The DUP failed to sell the GFA as securing the union (which it did). Instead, SF cleverly packaged it as a nationalist victory, telling us we could now be Irish. I don’t know about you, but I did not need an agreement with Britain to tell me I was Irish. It also told my Protestant neighbour (since deceased) across the fields that he was British, even though he had never been to Britain in his life.

So under the GFA, the stone ditch where our ground met his ground became another internal partition of Ireland.

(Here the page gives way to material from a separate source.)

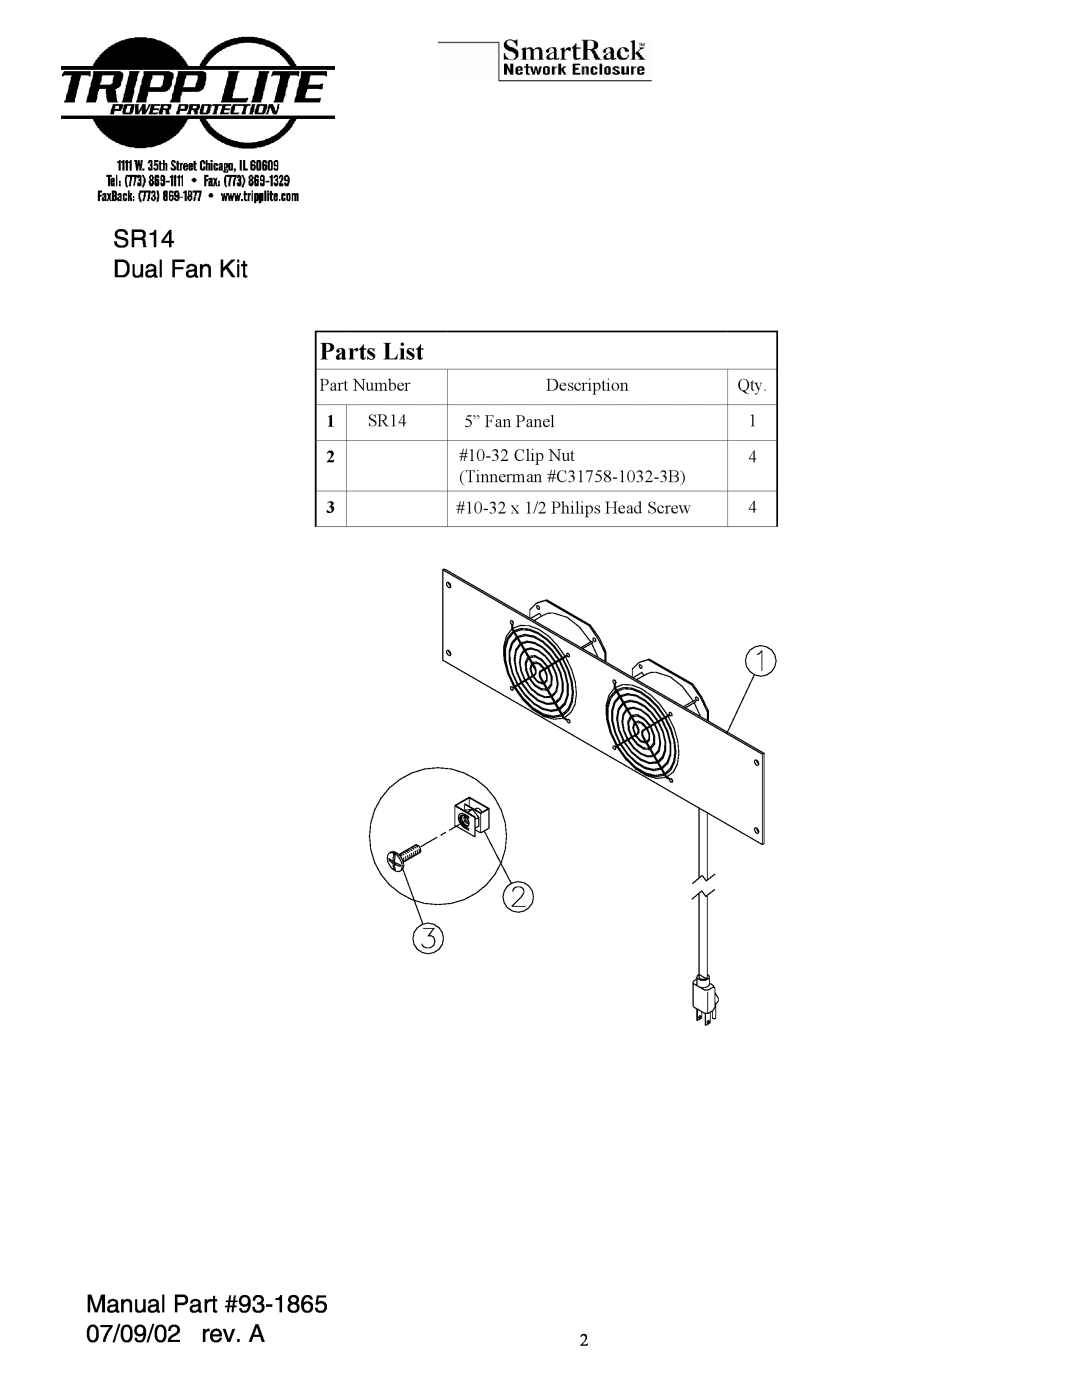 Tripp Lite MKH 800 P 48 manual SR14 Dual Fan Kit, Parts List, Manual, 07/09/02 rev. A 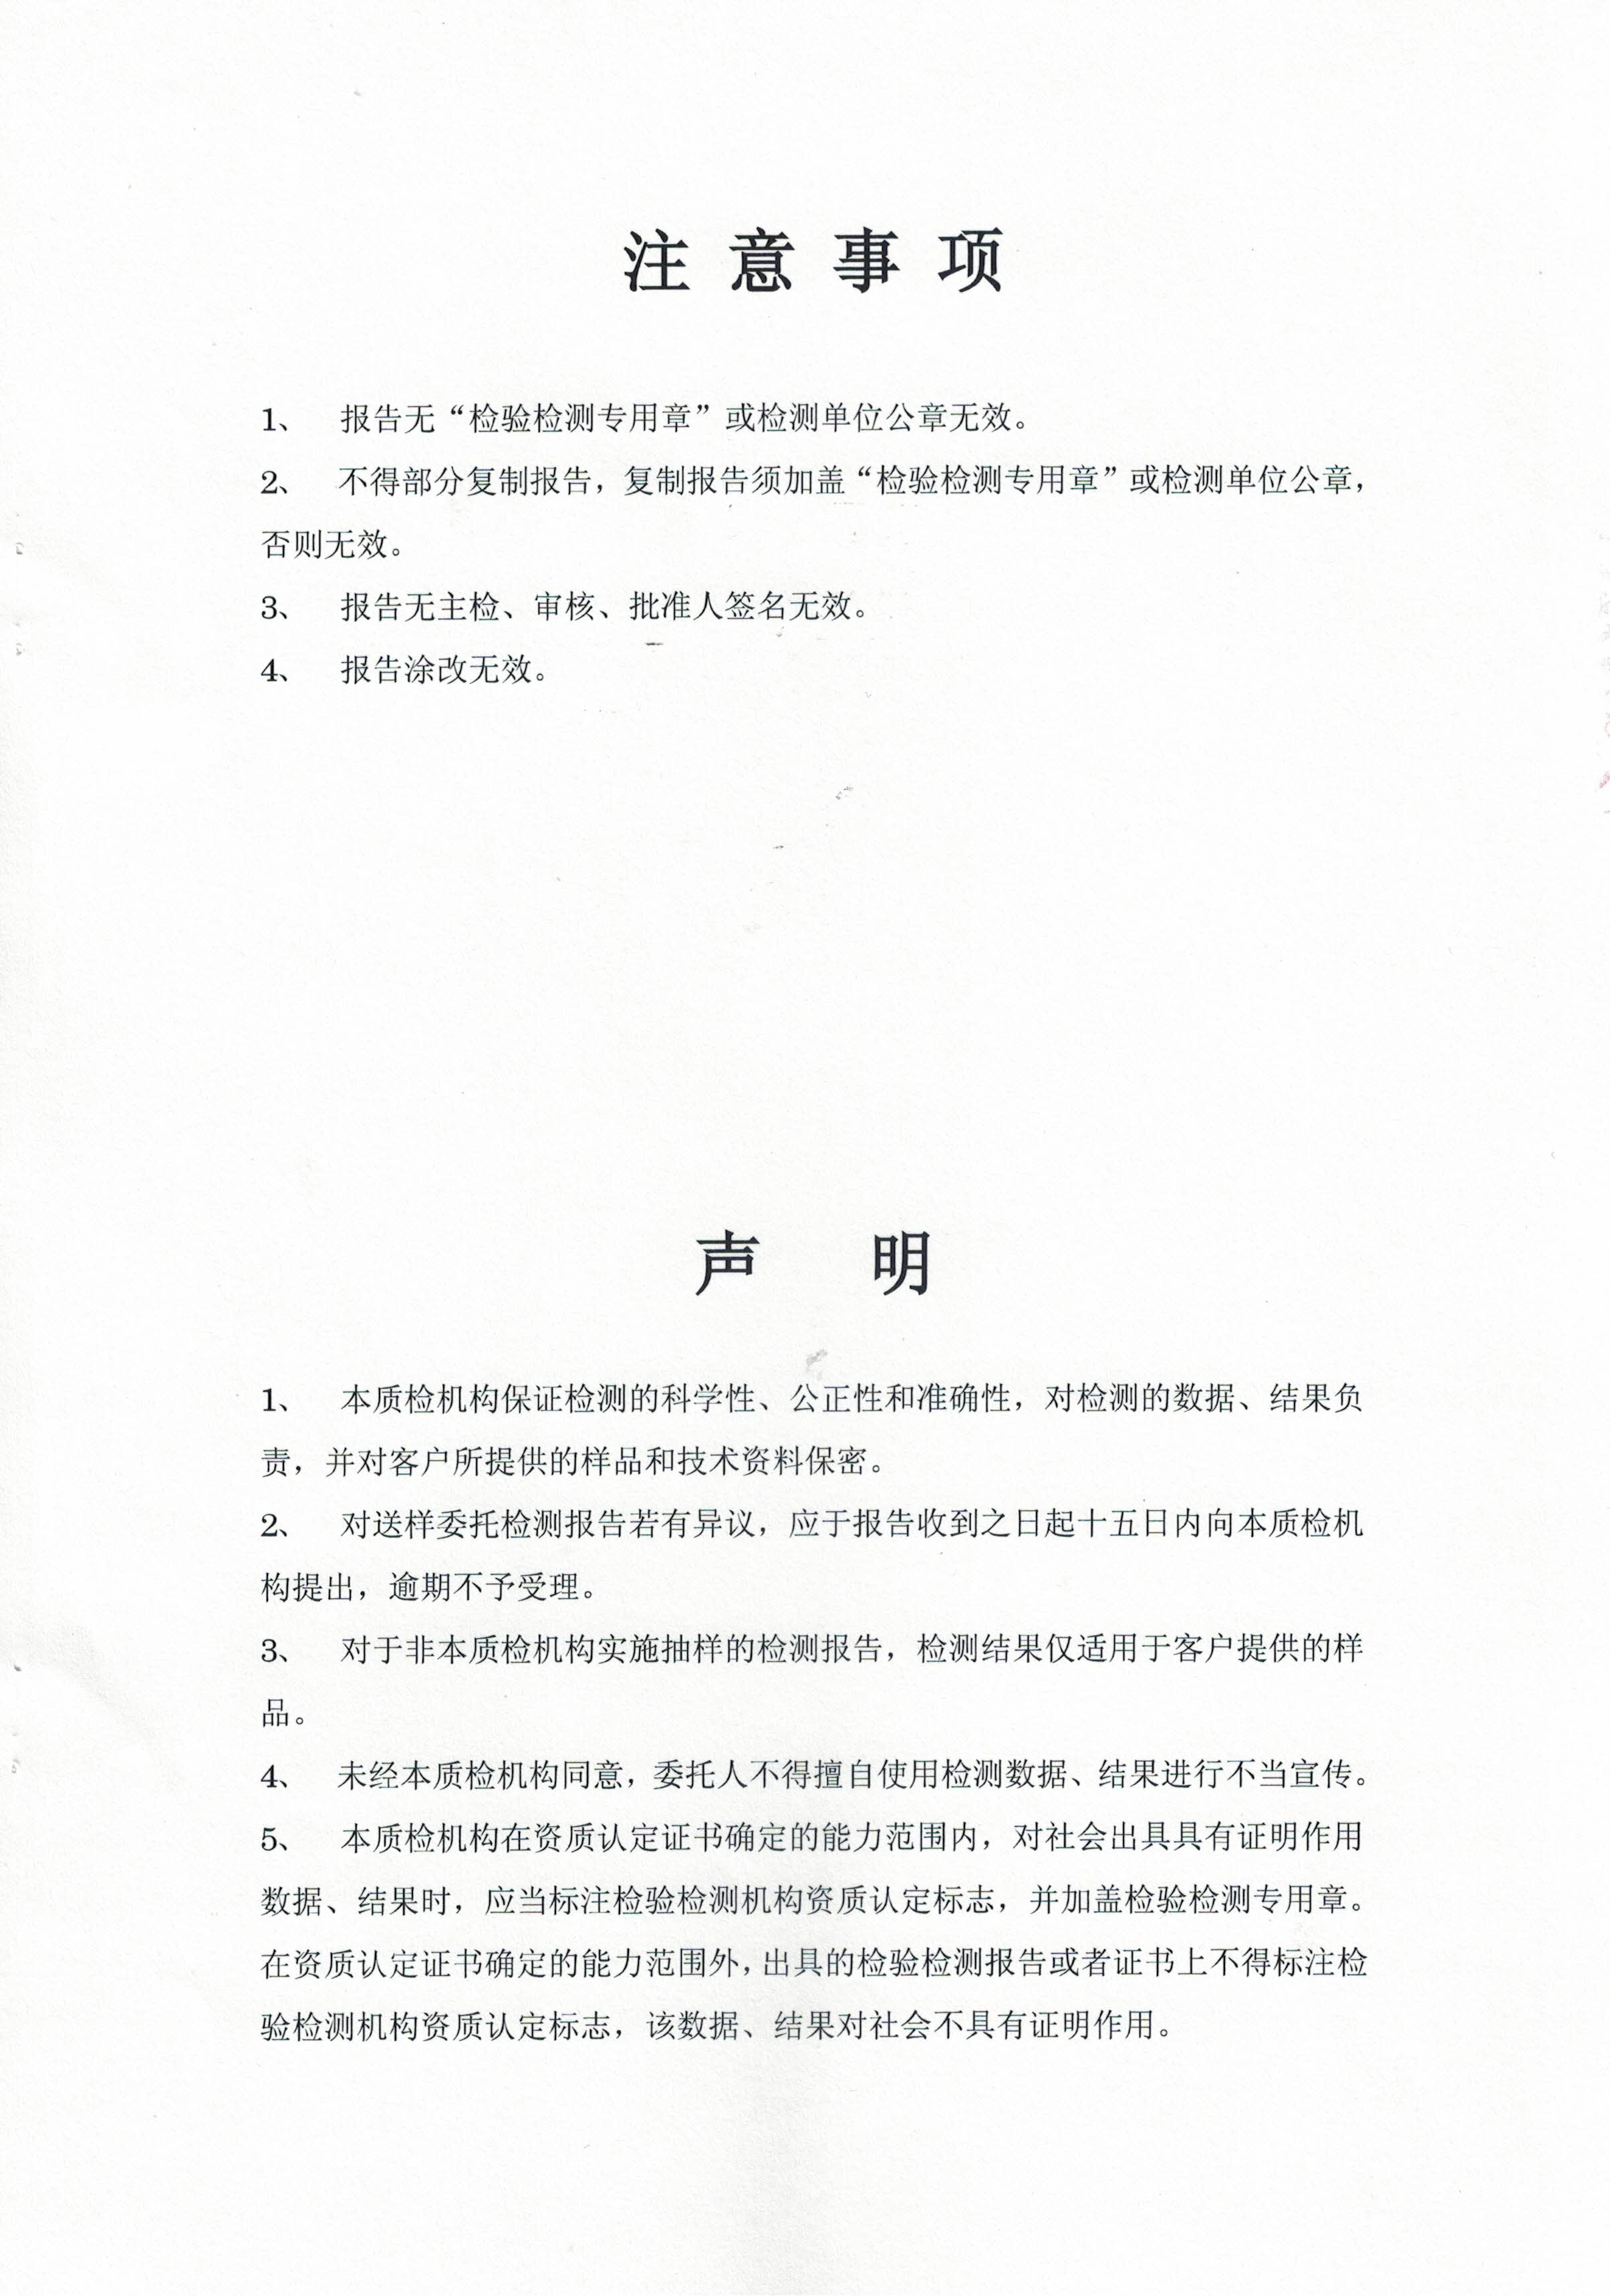 2020年4月24日 大汉灵芝菌丝体 重金属含量检测报告5

The agreement said my neighbour’s interests would be protected by Tony Blair, whom many regard as a war criminal. My interests would be protected by Bertie Ahern, who was found by the Mahon Report to have “failed to truthfully account” for significant sums in his bank account. Neither government offered to oversee our neighbourliness.

The final flaw lies in the claim that politics is the answer. It would be if we had any. But Stormont’s sectarianism is not the solution. It is part of the problem.

We entered the troubles in 1969 in a well funded welfare state, with nationalised industries. We emerged 25 years later into a Thatcherite, post-welfare society, with many public services privatised. Nobody raised the basic political question about which of those two societies we might establish. Instead all our parties slipped quietly into Thatcherism, concealed with sectarianism. If politics is the answer, why can’t we have some?

When Kerry footballers were repeatedly winning all-Irelands in the 1980s, a journalist seeking a quote on a forthcoming all-Ireland final was told by one player, ”Just put me down for whatever I said last year.” If loyalist trouble breaks out again, just put the parties down for whatever they have been saying for the past 50 years - just more empty words.